How LeadSquared is chasing a $500M market opportunity
Four years ago, three engineers who previously worked with IBM and Oracle sniffed an opportunity few Indian entrepreneurs had noticed till then.
Nilesh Patel, Sudhakar Gorti and Prashant Singh realised that most consumer-facing startups in India at the time relied largely on advertisements to acquire customers. Few had a well-thought-out strategy and fewer still used marketing technology to track sales leads and convert those into actual revenues.
The trio started LeadSquared in 2012. The venture, owned by MarketXpander Services Pvt Ltd, operates on a software-as-a-service model and helps clients capture leads across the web and then enables them to track, manage, engage, and follow up the leads until a transaction is closed.
Patel, also the company's CEO, said LeadSquared can be used as a customer relationship management (CRM) software. "Our aim is to make a simple and easy-to-use software that drives customer acquisition for sales and marketing teams," he said.
Revenue, business model
The company is on track to triple its revenue to $1 million (Rs 6.7 crore) in 2015-16, said Patel. He expects to close 2016-17 with $3 million in sales.
The company targets B2C businesses such as education, real estate, financial services, health and wellness, travel, hospitality and consumer services.
It claims to have about 400 paid customers. These include Flipkart, Byju's Classes, Randstad, The Deltin Group, Times Pro, Studymate, NIIT Ltd, Ashoka University and NestAway.
The company functions through its website and a mobile app. It offers different packages for its software depending on business requirements. The cheapest package costs Rs 999 a month and is targeted at startups. The costliest one is priced at Rs 50,000 a month for larger clients that have high volume of leads and manage teams of 5,000 to 10,000 people.
LeadSquared says it provides its services to companies in 20 countries. In India, the company has offices in Bangalore, Mumbai, Delhi, Hyderabad and Chennai while the international customers are served from its US office.
Patel said marketing technology has become big business in India over the past few years. He estimates the size of the domestic market to be around $400 million to $500 million.
To arrive at this number, Patel and his colleagues used corporate databases to find out the number of companies in their target market, the amount these firms spend on sales and marketing IT and the growth trend for the number of sales and marketing people in India.
The local opportunity is far smaller than the global market size. Market research firm IDC estimates global spending on marketing technology to grow at a compound annual pace of 12.4 per cent to $32.3 billion in 2018. IDC doesn't have an India-specific number.

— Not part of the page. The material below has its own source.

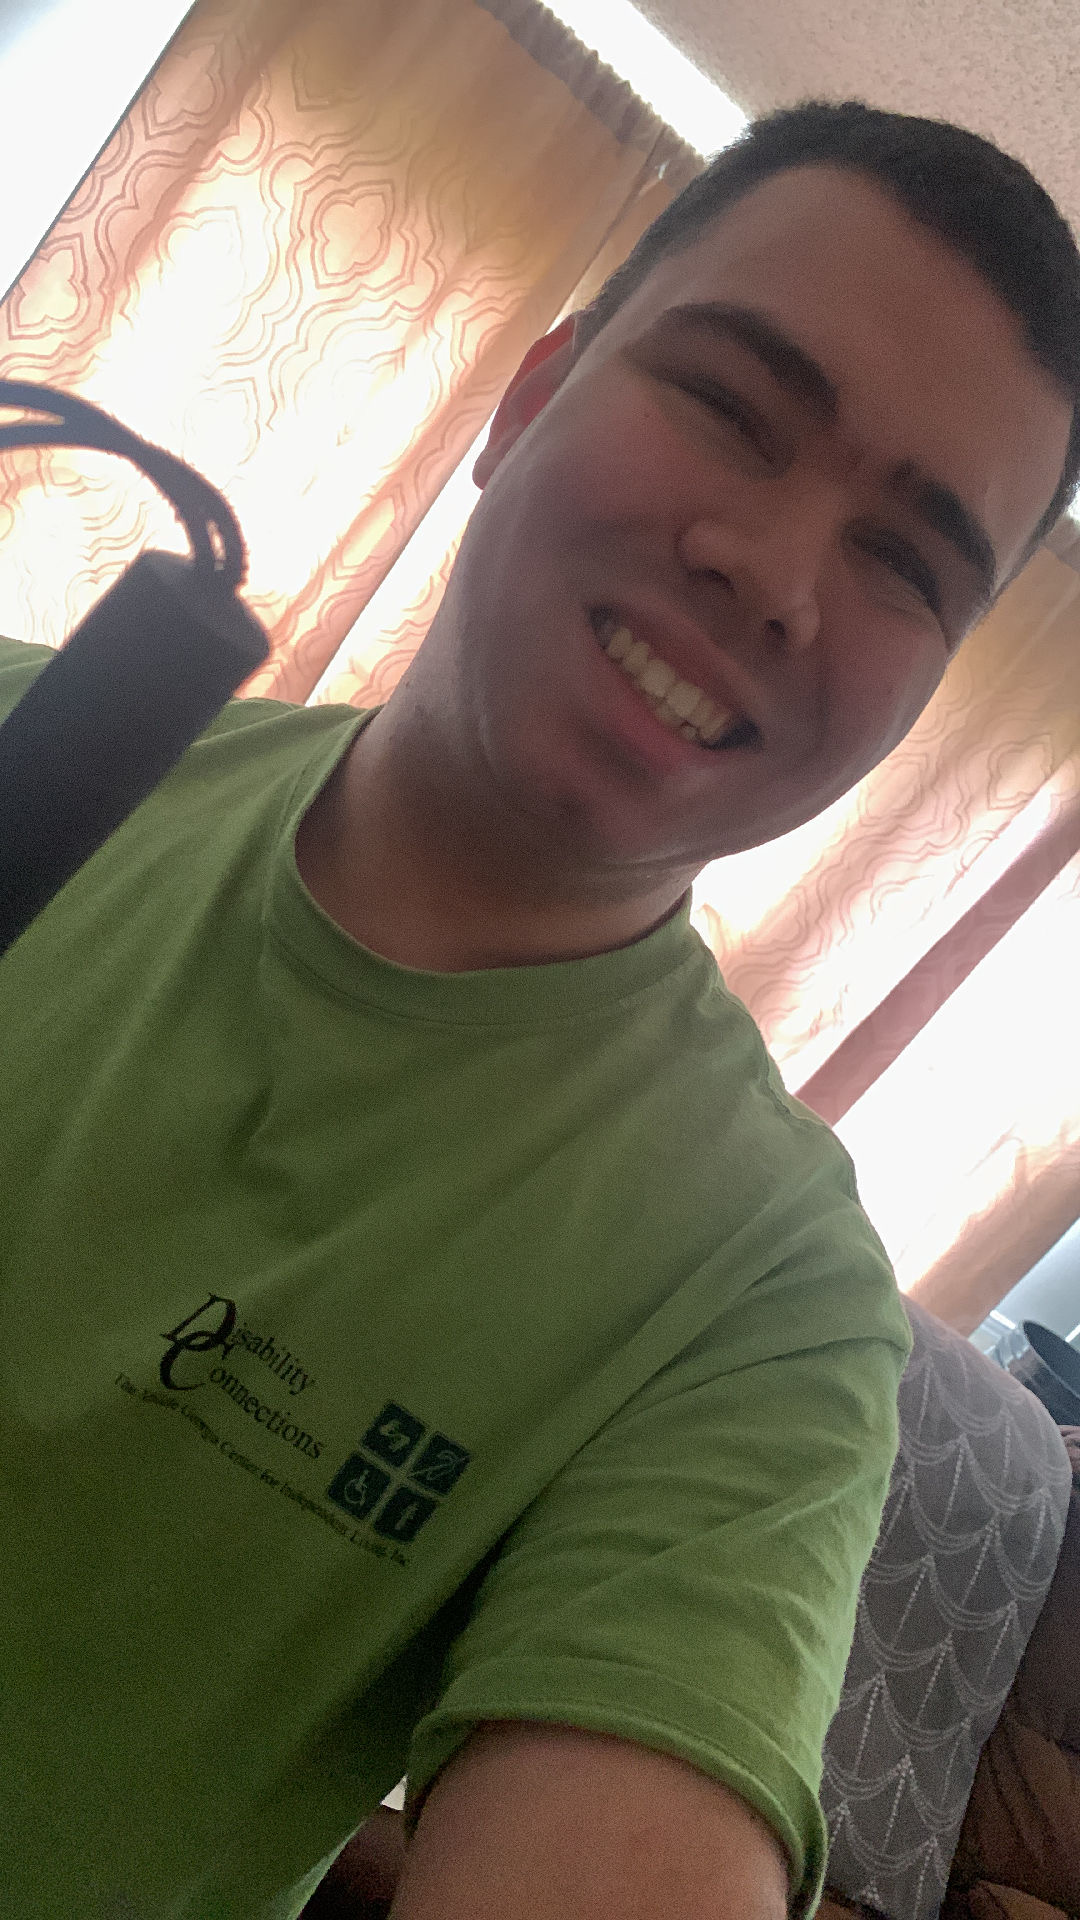 Armando, a young man in the picture, is holding a cane in his right hand, which is partially visible in the foreground. He has a broad smile, short dark hair, and is wearing a lime green t-shirt with a logo on the left side that reads "Disability Connections" with a tagline "The Resource for People with Disabilities" and a graphic of four interlocking squares. In the background, there is a curtain with a floral pattern and a glimpse of a room with a couch. The atmosphere of the picture is warm and cozy, and the man appears to be in a good mood. Copyright 2023 by Armando Vias.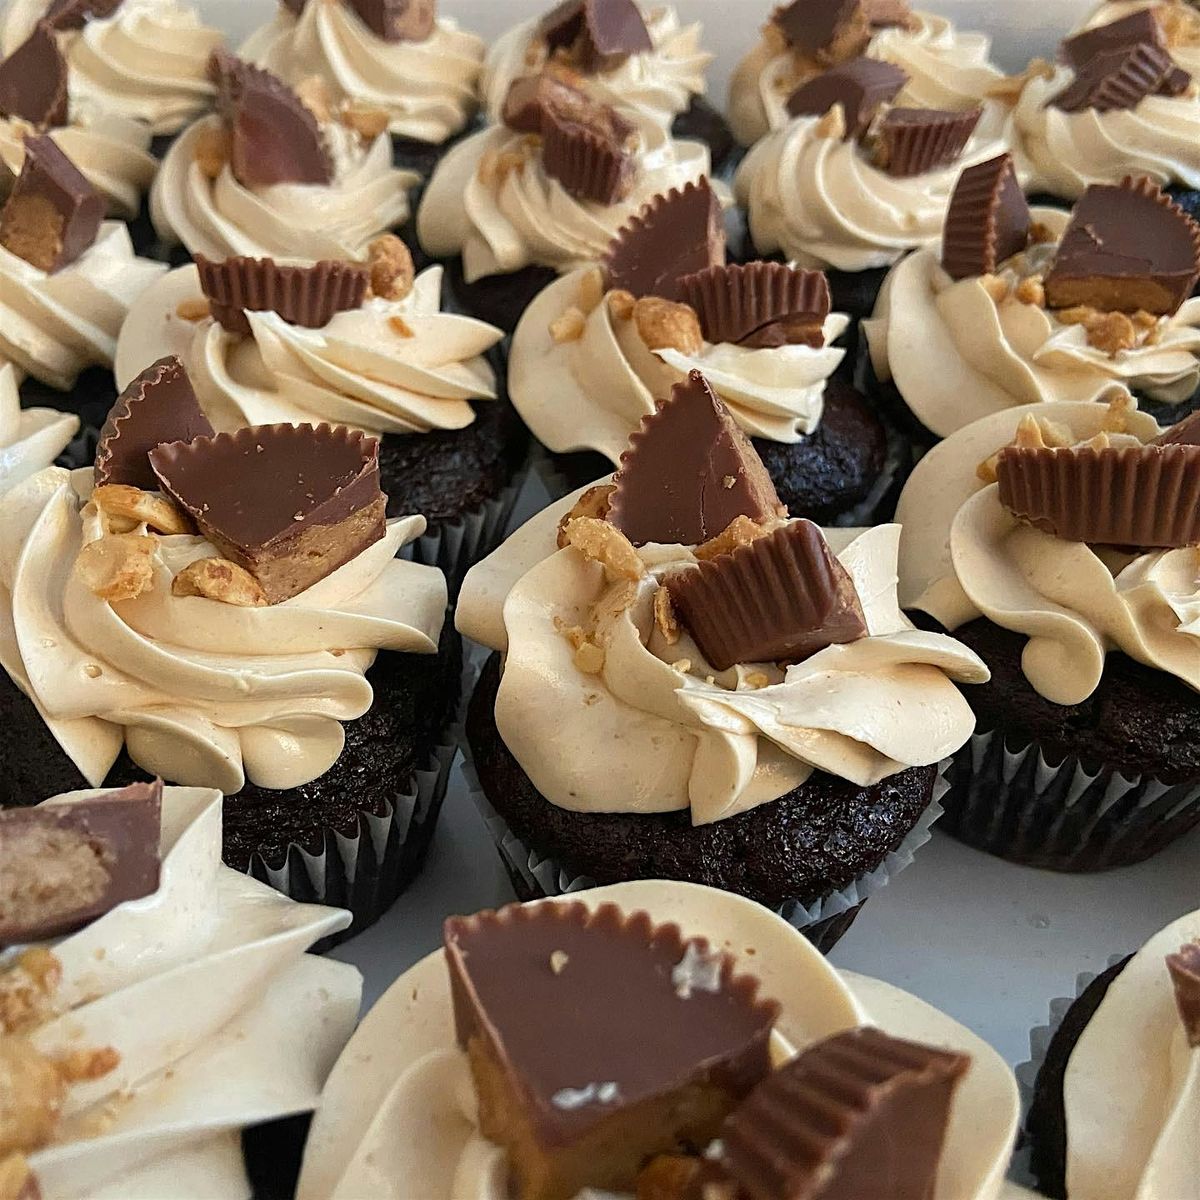 Annie's Signature Sweets IN PERSON Chocolate Peanut butter cupcakes  class!

But the Indian market is expanding at a faster pace; Patel expects growth at 20 per cent annually for next five to 10 years.
Before launching the startup, Patel spent 15 months working with B2C and B2B businesses to build their marketing and lead generation engines.
Patel graduated from Netaji Subhas Institute of Technology, Delhi and has worked with IBM. Gorti is an IIT-Kanpur alumnus and was previously with IBM, Talisma and Oracle. Singh an IIT-Delhi alumnus and has worked with Telesoft, i2 and Oracle. In 2003, Patel co-founded Proteans Software along with Gorti and Singh. They grew the company to about $10 million in revenue before Symphony Teleca acquired it in 2010.
The trio bootstrapped LeadSquared with Rs 2.5 crore. Over the past two years they raised close to Rs 4.5 crore from individual investors. The company said it is in advanced talks to raise as much as $5 million that it plans to use to build a customer base in the US and the UK, to increase sales and marketing teams, and for product innovation. It expects to close the funding round by May.
The main CRM players globally are Salesforce.com, Zoho and Microsoft Dynamic CRM. HubSpot, Marketo and Act-On are some of the major companies that provide marketing automation services.
A number of marketing technology startups such as LeadSquared have emerged in India over the past couple of years, though they have a long way to go if they want to compete on the global stage.
Some startups have attracted investors' attention, too. Blueshift Labs, a US-based marketing automation startup that has Indian-origin founders, secured $8 million in Series A funding in January while enterprise marketing automation suite Wigzo raised $500,000 in a pre-Series A funding round in December.
LeadSquared, however, claims it is different from the others as it caters to both sales and marketing teams.
Patel said the market is choked with "old-school" CRMs for sales teams and automation software for marketing teams. "There is an urgent need for software that brings both of these functions on the same page in a clutter-free manner," he said. "That's what we're trying to achieve with LeadSquared."